What can diners expect from the menu?
Seasonal, freshest, and most exclusive products from around the world, cooked preserving the authenticity of world cuisines and served in a magnificent location of this iconic palace on the beach.
Could you reveal some of the signature dishes?
Wagyu beef carpaccio, Catalan style lobster, salmon “Tzar Nikolai” sashimi with fennel salad, homemade pizzas, grilled Jumbo langoustines and Carabineros, to name a few.

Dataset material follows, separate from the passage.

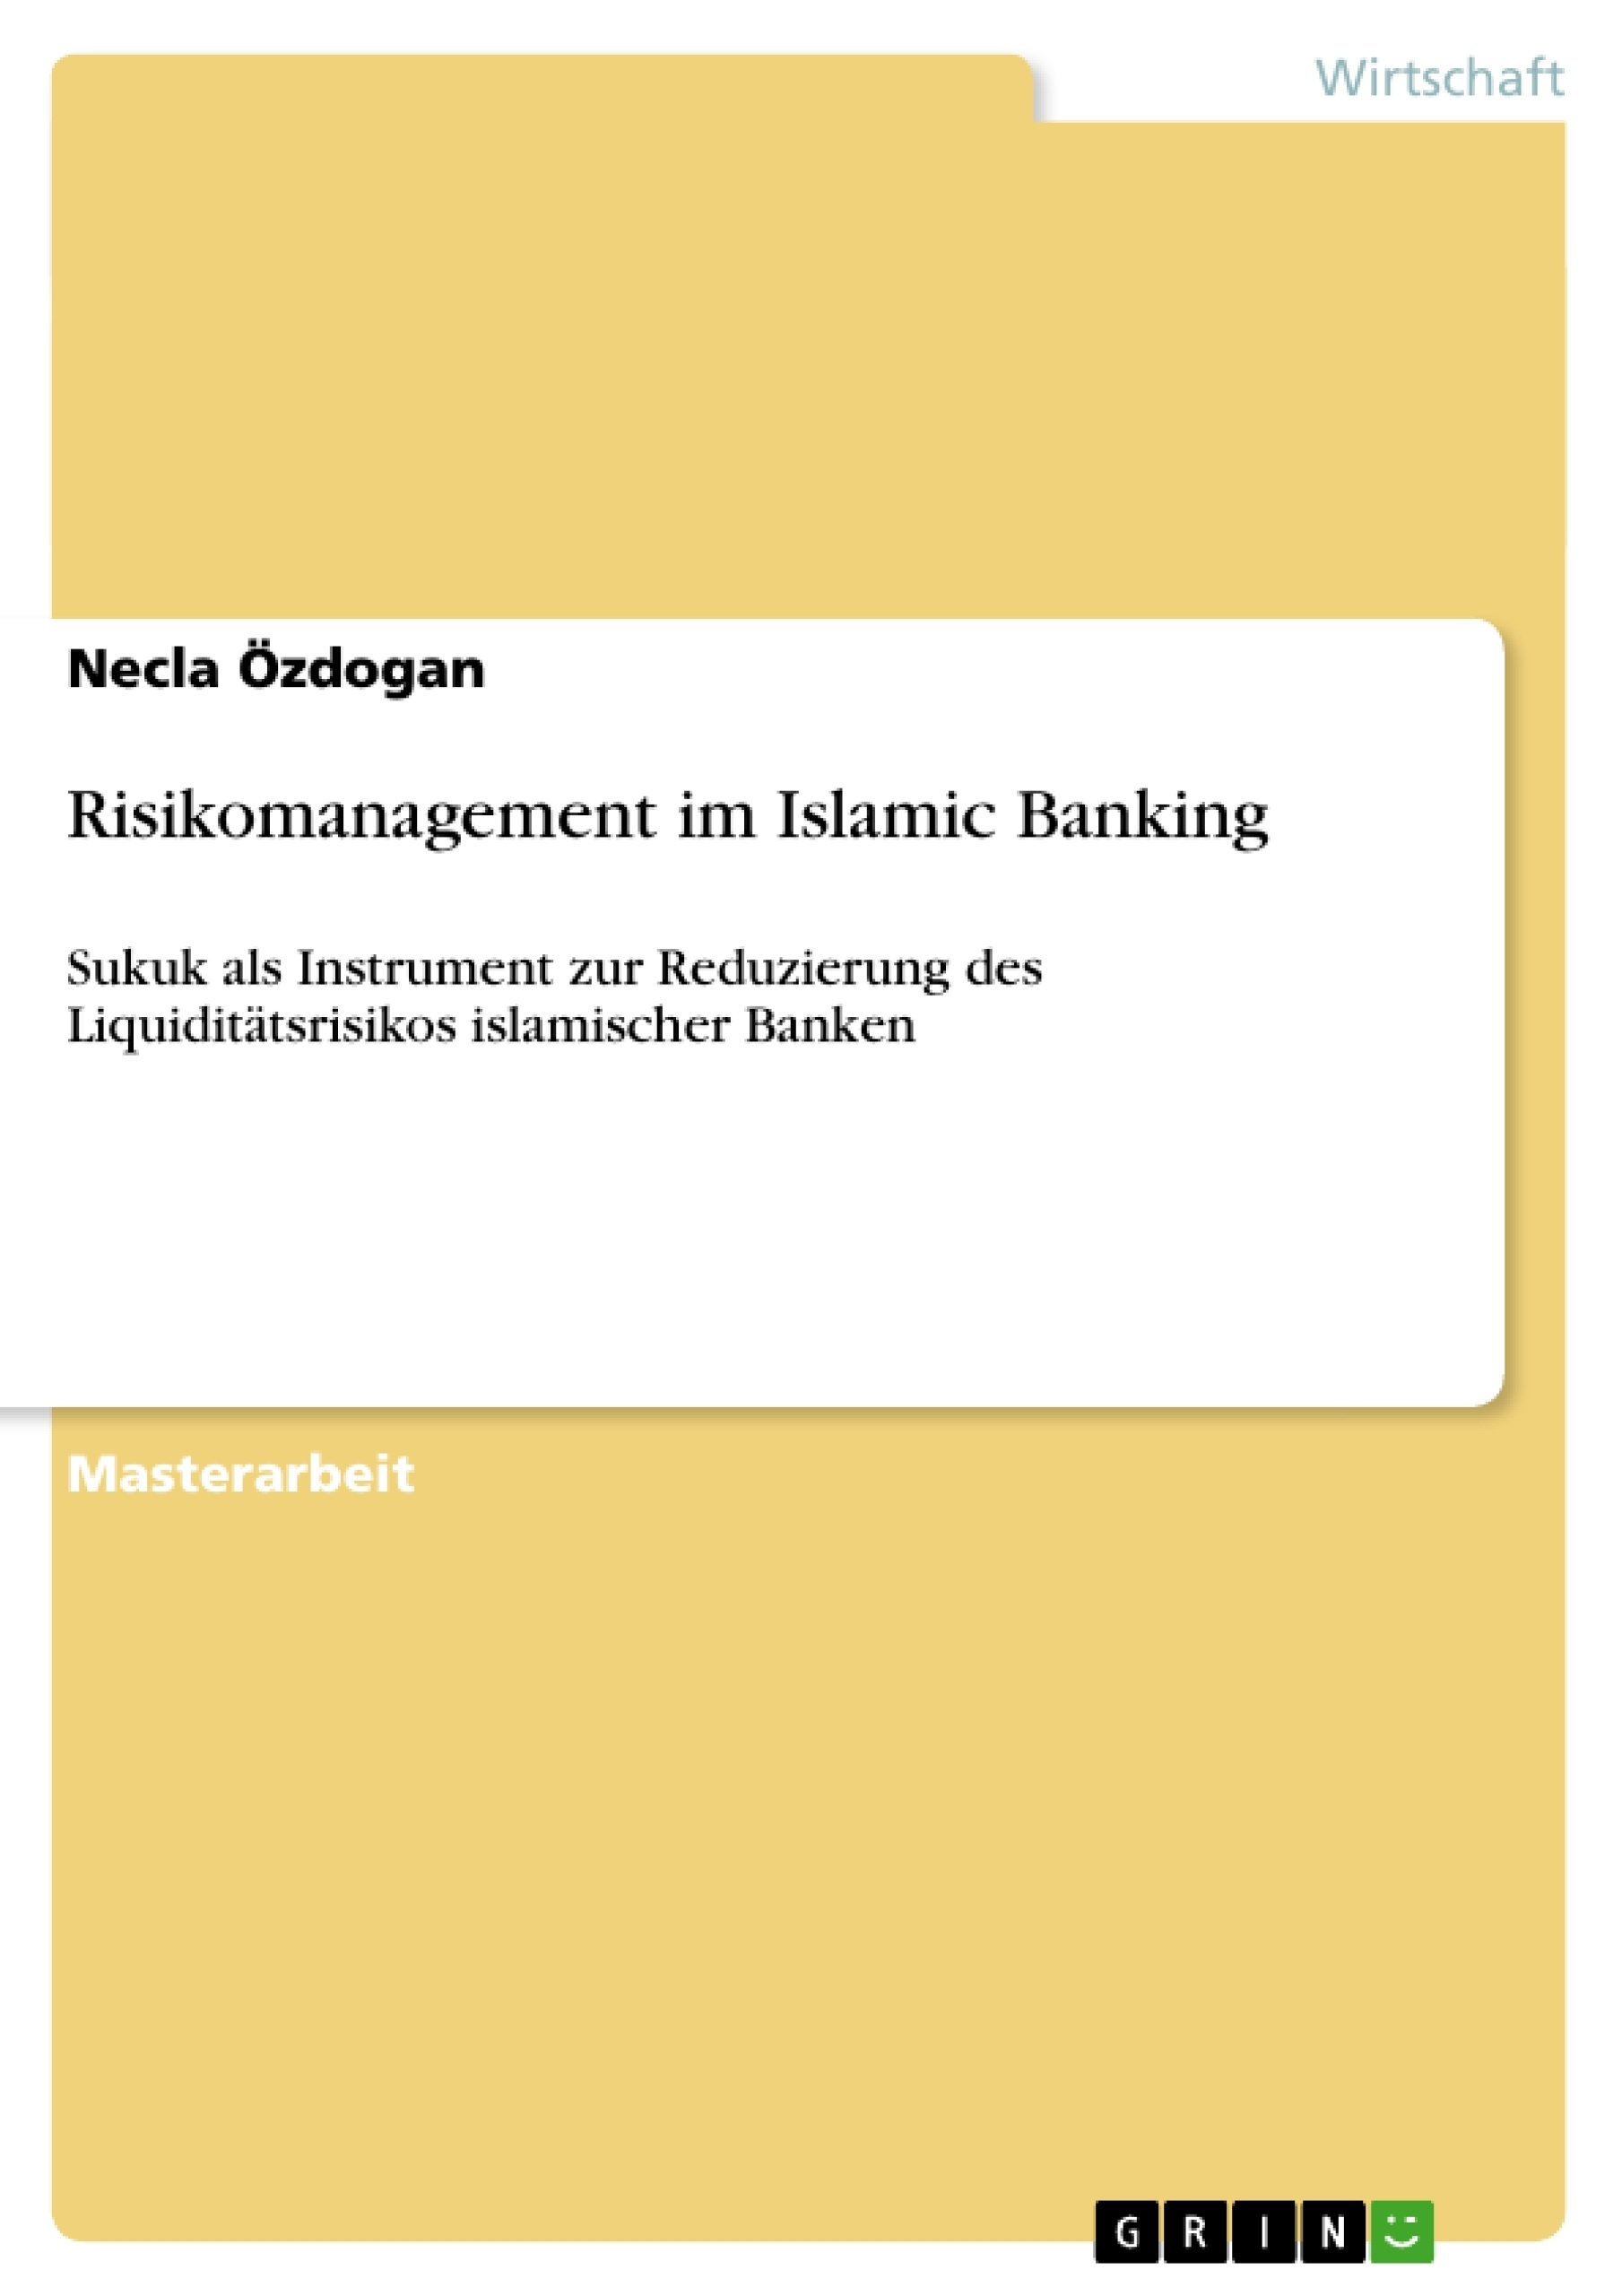 Titel: Risikomanagement im Islamic Banking

Where do you source the ingredients from?
I always say that Dubai is a Disneyland for chefs. Working in such a big company gives you the access to reach the most exclusive and precious products from across the globe.
Are there any ingredients you’re particularly enjoying working with?
Extra virgin Tuscan olive oil is the sixth gear of my cuisine, which helps to highlight and bring out the character of each product that it touches.
Any special plans in place for 2022?
We would like to add a new “steak and caviar” concept restaurant at our beautiful property, on the top of our existing Italian Amalfi coast, inspired “Piatti” and Japanese fusion Matagi restaurants.
GET TO KNOW THE CHEF
Favourite kitchen appliance The knife for a chef is essential, nothing can beat it.
Top culinary destination Mediterranean Coast.
Your go-to meal when cooking at home Spaghetti with fresh tomato and basil - the simplest, tastiest and sincerest meal ever.
Advice for up-and-coming chefs in the region?
Dubai is the most sparkling, brilliant city for young chefs with ambitions, where they can find an infinite number of occasions to grow their talent in a secure environment. The keywords are hard work and persistence, then success is guaranteed.